The development comes amid ongoing concerns over the write-off of large debts owed by NNPC to the Federation Account and the company’s plans to divest non-core assets as part of its transformation into a profit-driven national oil company. Recently, President Bola Tinubu approved the cancellation of about $1.42bn and N5.57tn in legacy debts owed by NNPC to the Federation after a reconciliation exercise.
Announcing the company’s 2024 results, Group Chief Executive Officer, Bashir Bayo Ojulari, said NNPC posted a Profit After Tax of N5.4tn on revenue of N45.1tn, representing increases of 64 per cent and 88 per cent respectively compared with 2023. However, analysts note that the swelling inter-company debt highlights underlying liquidity and balance-sheet challenges that could undermine sustainability if not addressed.
The Port Harcourt Refining Company Limited topped the list of indebted subsidiaries, with obligations rising to N4.22tn in 2024 from N2.00tn in 2023, reflecting years of rehabilitation spending and prolonged downtime. Kaduna Refining and Petrochemical Company Limited followed with N2.39tn, up from N1.36tn, while Warri Refining and Petrochemical Company Limited owed N2.06tn, compared with N1.17tn a year earlier.

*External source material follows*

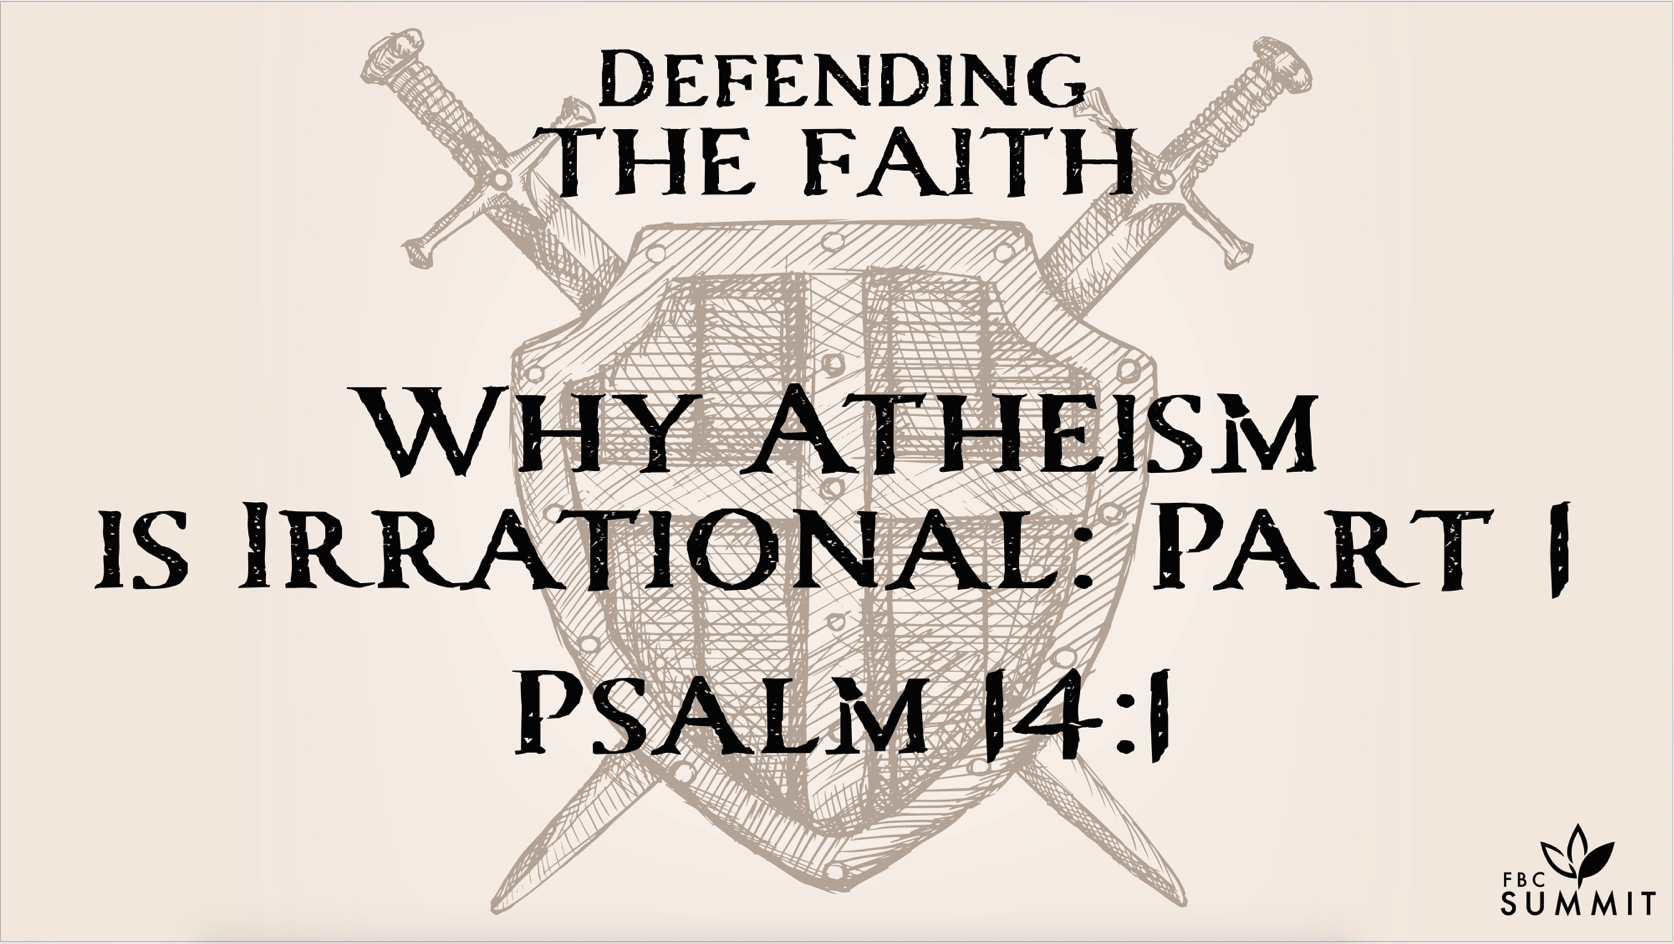 "Why Atheism is Irrational" Part I

Although these refineries have undergone multiple turnaround maintenance programmes, they have yet to operate sustainably at commercially viable levels and remain heavily dependent on funding from the parent company.

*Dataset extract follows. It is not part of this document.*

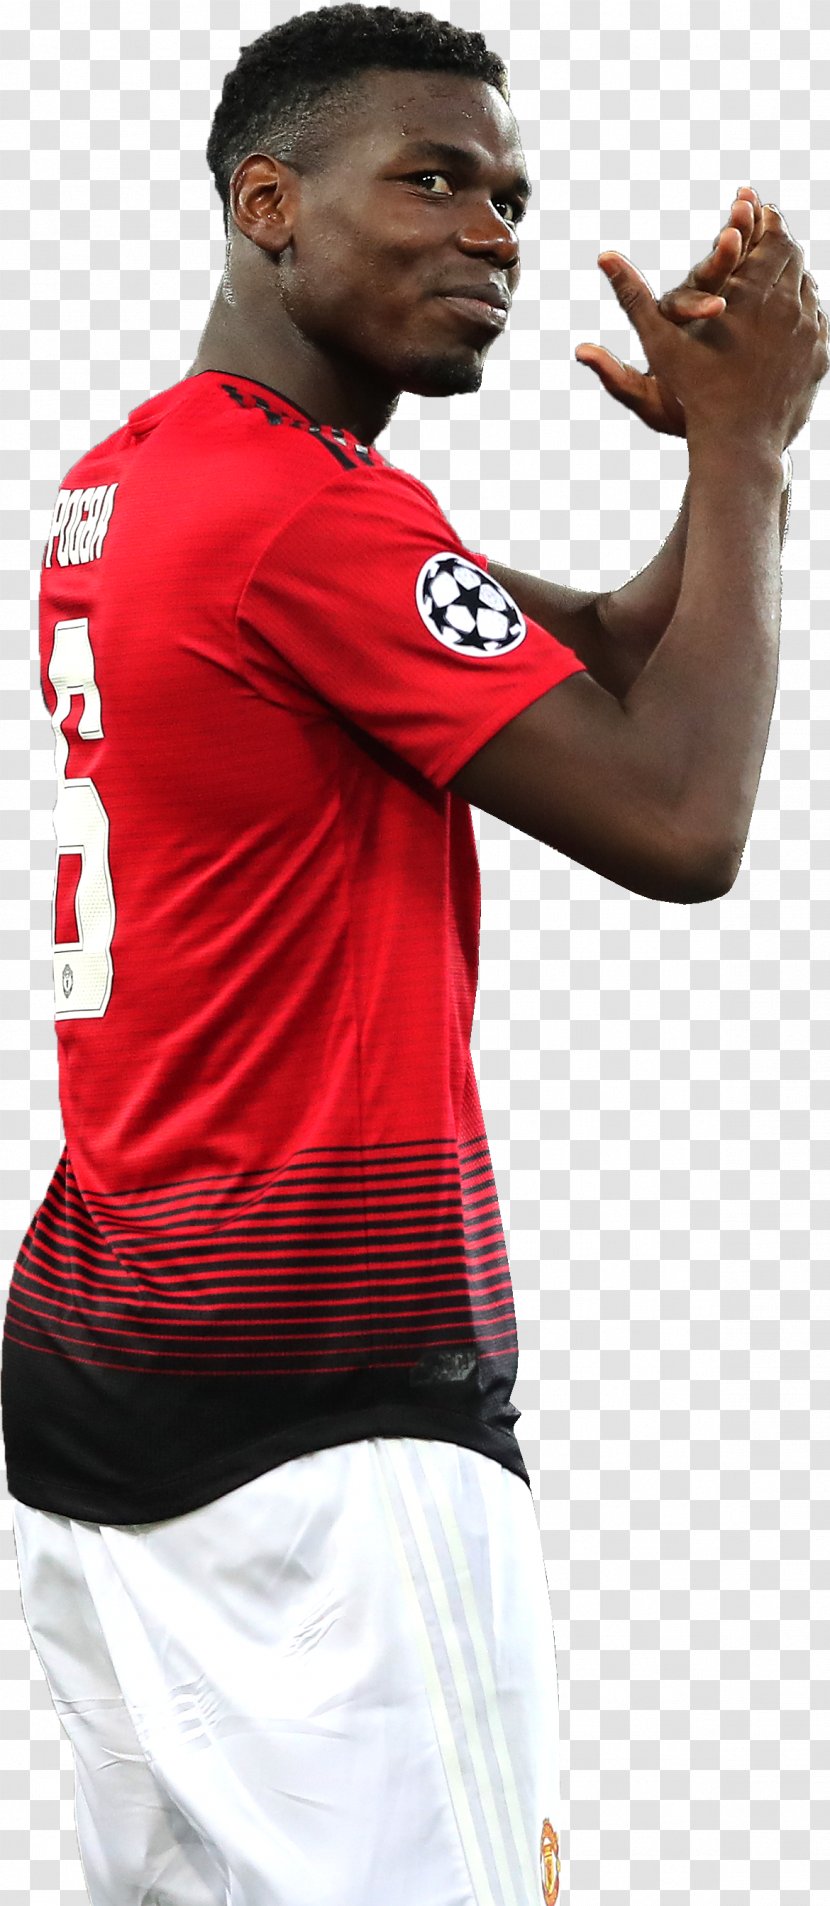 Cristiano Ronaldo - Jersey - Elbow Muscle Transparent PNG

NNPC Trading SA also featured prominently, owing N19.15tn in 2024, more than double the N8.57tn recorded in the previous year. Other subsidiaries with notable receivables included NNPC Gas Infrastructure Company Limited, Nigerian Pipelines and Storage Company Limited, and several power, shipping and marketing entities.
Overall, amounts owed by related parties climbed from N17.78tn in 2023 to N30.30tn in 2024, underscoring mounting liquidity pressure within the group. At the same time, NNPC’s obligations to subsidiaries and related entities also rose by 44.7 per cent to N20.51tn, largely driven by amounts owed to NNPC Trading Limited.
Experts say the surge in inter-company balances reflects unresolved structural and governance challenges stemming from NNPC’s transition under the Petroleum Industry Act. Petroleum economist Prof. Wumi Iledare described the N30.3tn debt as a governance issue rather than insolvency, warning that the pace of accumulation signals weakening commercial discipline.
Similarly, Petroleumprice.ng CEO, Jeremiah Olatide, said the 70 per cent increase points to financial recklessness, noting that most subsidiaries remain indebted. He stressed the need for stronger debt management, restructuring, regular audits and transparency to prevent the recycling of debts within the group.
Meanwhile, NNPC’s borrowings more than doubled in 2024, rising from N55.7bn to N122.8bn, driven by new loans and accrued interest, mainly to fund projects such as the Gwagwalada Independent Power Project. While the consolidated group reported no borrowings, the growing company-level liabilities add to concerns about internal cash management and the financial viability of some subsidiaries.
Analysts warn that resolving inter-company receivables and payables will be critical if NNPC is to successfully execute its divestment plans, attract investors and sustain profitability under its new commercial mandate.